Regza has been a huge seller for Toshiba, growing their panel business by 350%. Over the last few years. Toshiba will be concentrating on providing solutions between $500 and $2,500 where they think the biggest market exists. Like LG, Toshiba realizes that cosmetic design is key for consumers these days. And to think, we used to put walnut encased CRT tubes in our living rooms. Yeech!
This is the system that decouples the Totem Wind from the floor. It consists of a back piece plus a front "claw" filled with different sizes of ball bearings. That enables a form of tuning that helps the speaker mate with the room and the amp, we were told. The claw somehow escaped our camera -- see full-size photo in the first item above. Still, two pretty blue pictures in a row. That's class.
Totem Acoustic has updated the 10-year-old Wind, which continues in the line in its original form, with a new variation called the Wind Design Series. It includes a improved crossover plus a high-end automotive-grade polyurethane lacquer finish in four shades: blue, red, white, and black. Pricing ranges from $11,000-12,500 for the new version ("we're still reeling from the cost of the paint") or $9000 for the conventionally veneered old version.
The newest LCDs in Samsung’s Touch of Color series are looking greener than ever. But that’s not such a bad thing. The Series 6 and 7 models adhere to strict energy efficiency guidelines, known as Energy Star v3.0. This means that you can expect less power consumption from your flat-panel display overall, which is a bonus when it comes to pricey consumer electronics equipment.
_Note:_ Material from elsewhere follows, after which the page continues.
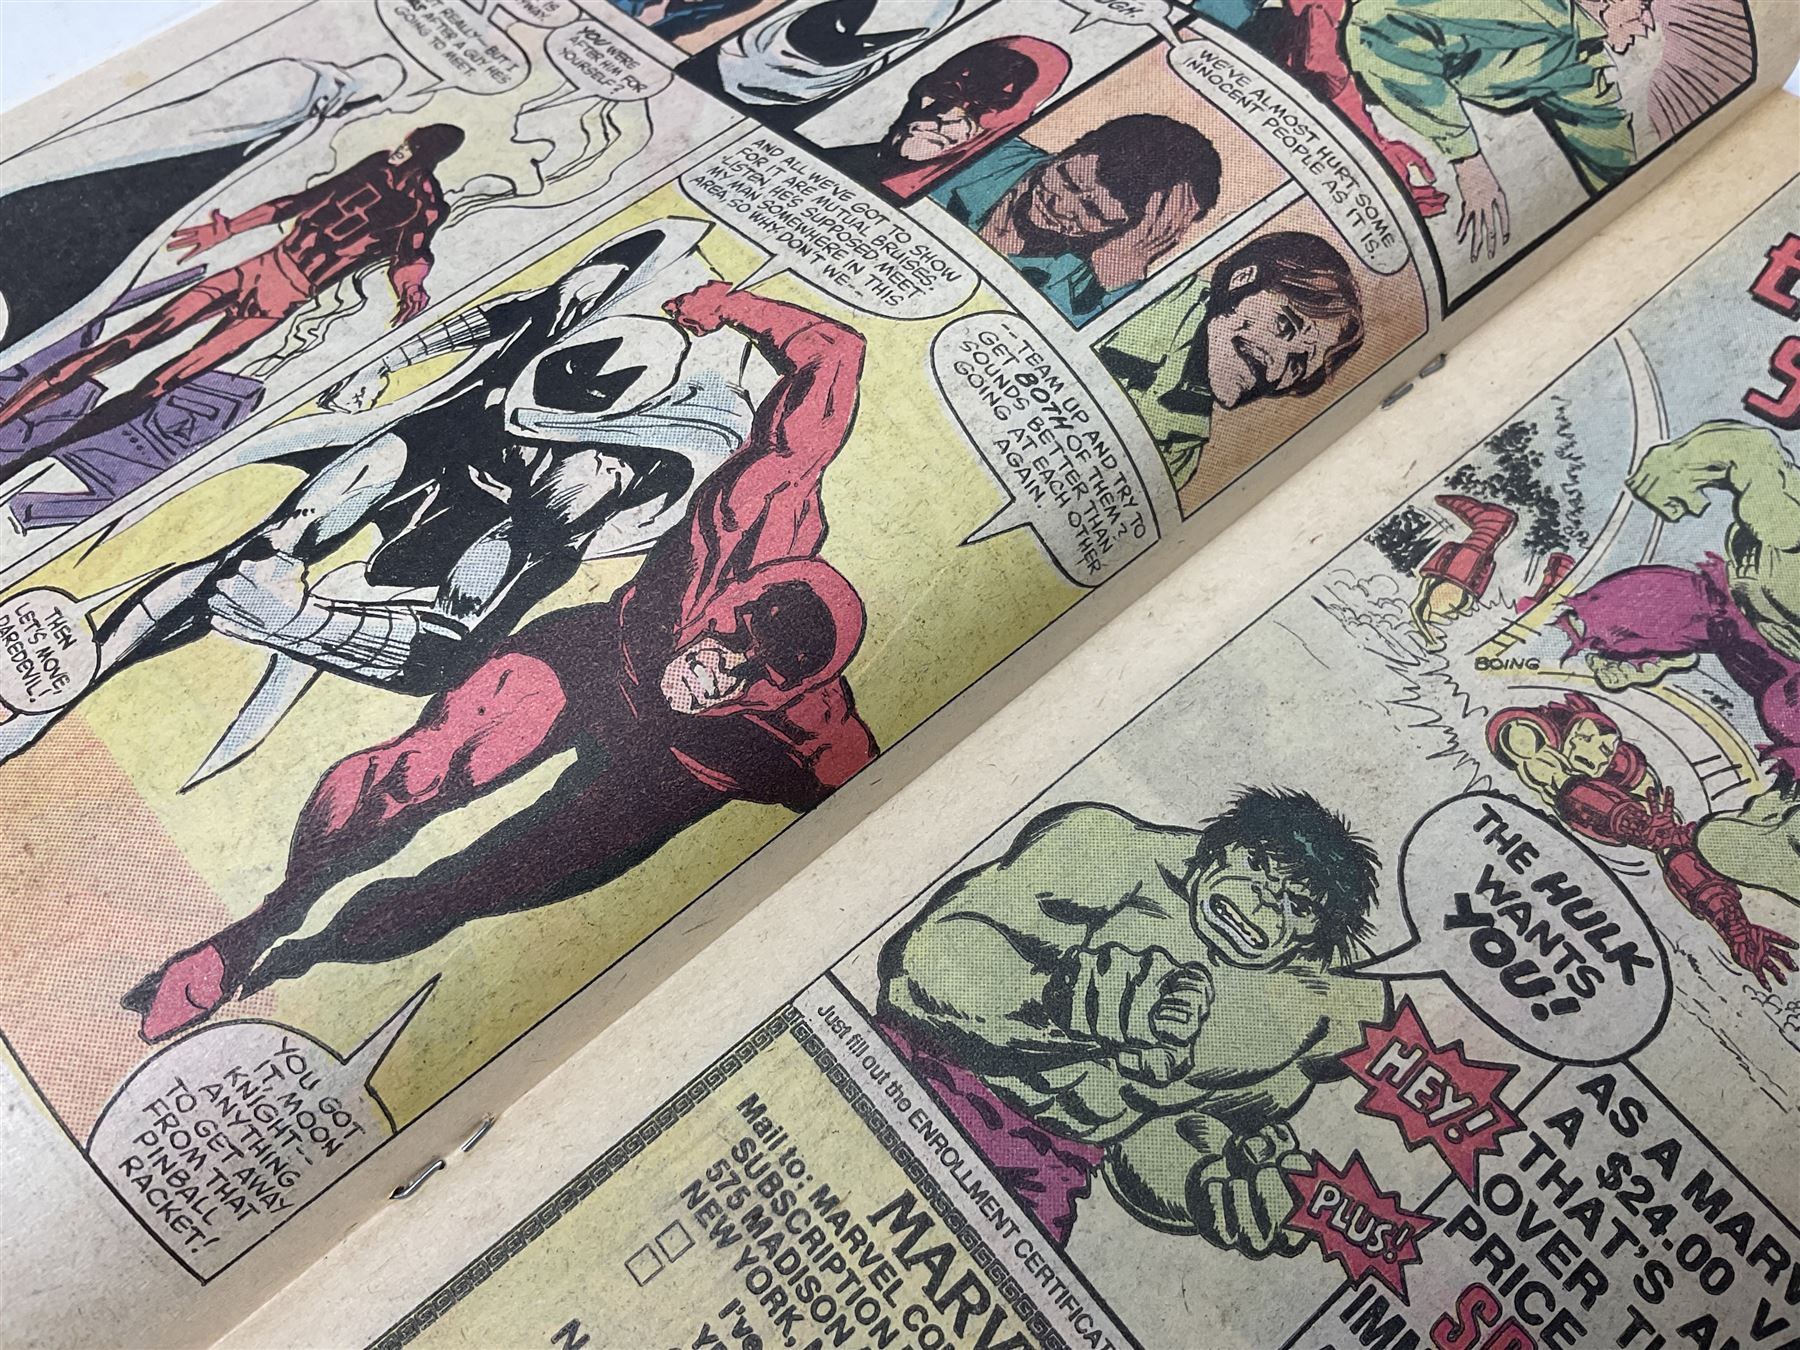 Moon Knight (1981-1982) Marvel comics. No. 13 - Image 3 of 11
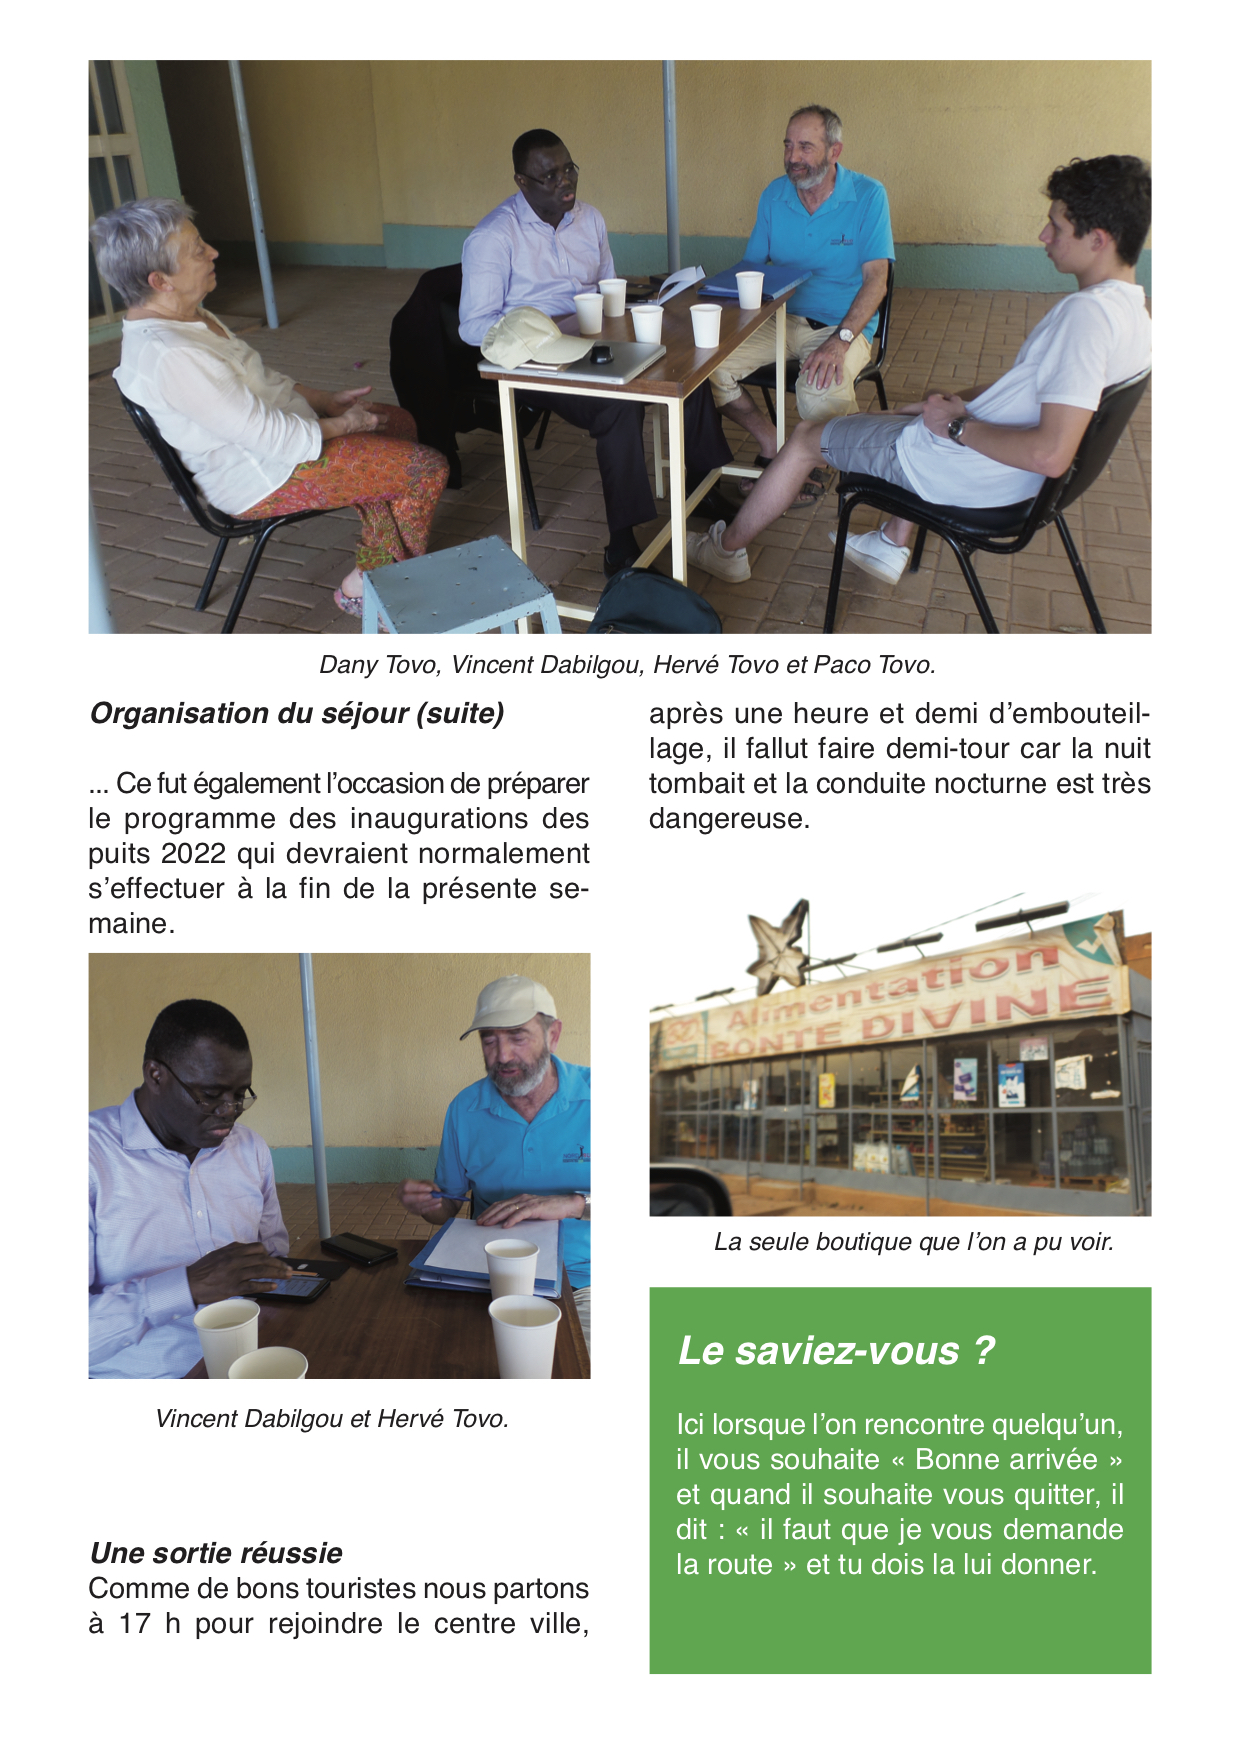 Journal de voyage au Burkina Faso - Lundi 28 février 2022 - page 2

Although this might seem to downgrade your flat-panel, Samsung says that the quality soars higher than ever with its latest models.
Panasonic showed a prototype of a TV remote control that works on technology like that of a mouse touchpad on your laptop. Actually, it is equipped with two touchpads and is motion sensing. A point and click technology, the secret is in the onscreen navigation and onscreen virtual remote. Turning it sideways you can thumb-type—like you would for texting—on the onscreen virtual keyboard. The cartoon thumbs that appear onscreen to show you what you are clicking on definitely add a comic personality to this interface.
Kenwood is working with LG and their MPH (mobile video) project team to develop a mobile digital television receiver, and I don't mean a 13" Sanyo on a hospital cart either. Hook up a Kenwood receiver to an LCD in your car, and you'll be able to zoom around the country picking up digital TV signals optimized for easy reception while traveling. I'll know more soon (like what it looks like), but seeing it work in their booth won't tell me how well it works driving around city streets or cruising down the highway. Vroom Vroom.
For those flat panel owners who want improved sound over the built-in speakers, Boston's Tvee Soundbar provides exceptional 2-channel audio in a slim footprint speaker that mounts on the wall under a TV or rests on top of an entertainment center. A wireless subwoofer comes with the package and all are sold for $399.99. The Soundbar is available in Boston's new P.O.P. colors.
Last night, Mitsubishi took the Moon nightclub on the roof of the Palms Casino and turned it into a discothque to premier their long in development laser TV. Using fanfare fitting the unveiling of a major work of art (which in a way, it was), Mitsubishi lit up three of their rear projector laser engine TVs. They were at least 65" in diagonal, though we weren't told an exact size. Each was also about as thin as the thinnest DLP or LCD rear project TVs.
Westinghouse showed a new 1920x1080 47” set (the TXF450S) with 120Hz operation. A split screen showed the same thing we’ve seen on many such sets; when operated in 120Hz using interpolation (which this set clearly does) a film original looks just like it was shot on video. And that’s not necessarily a plus.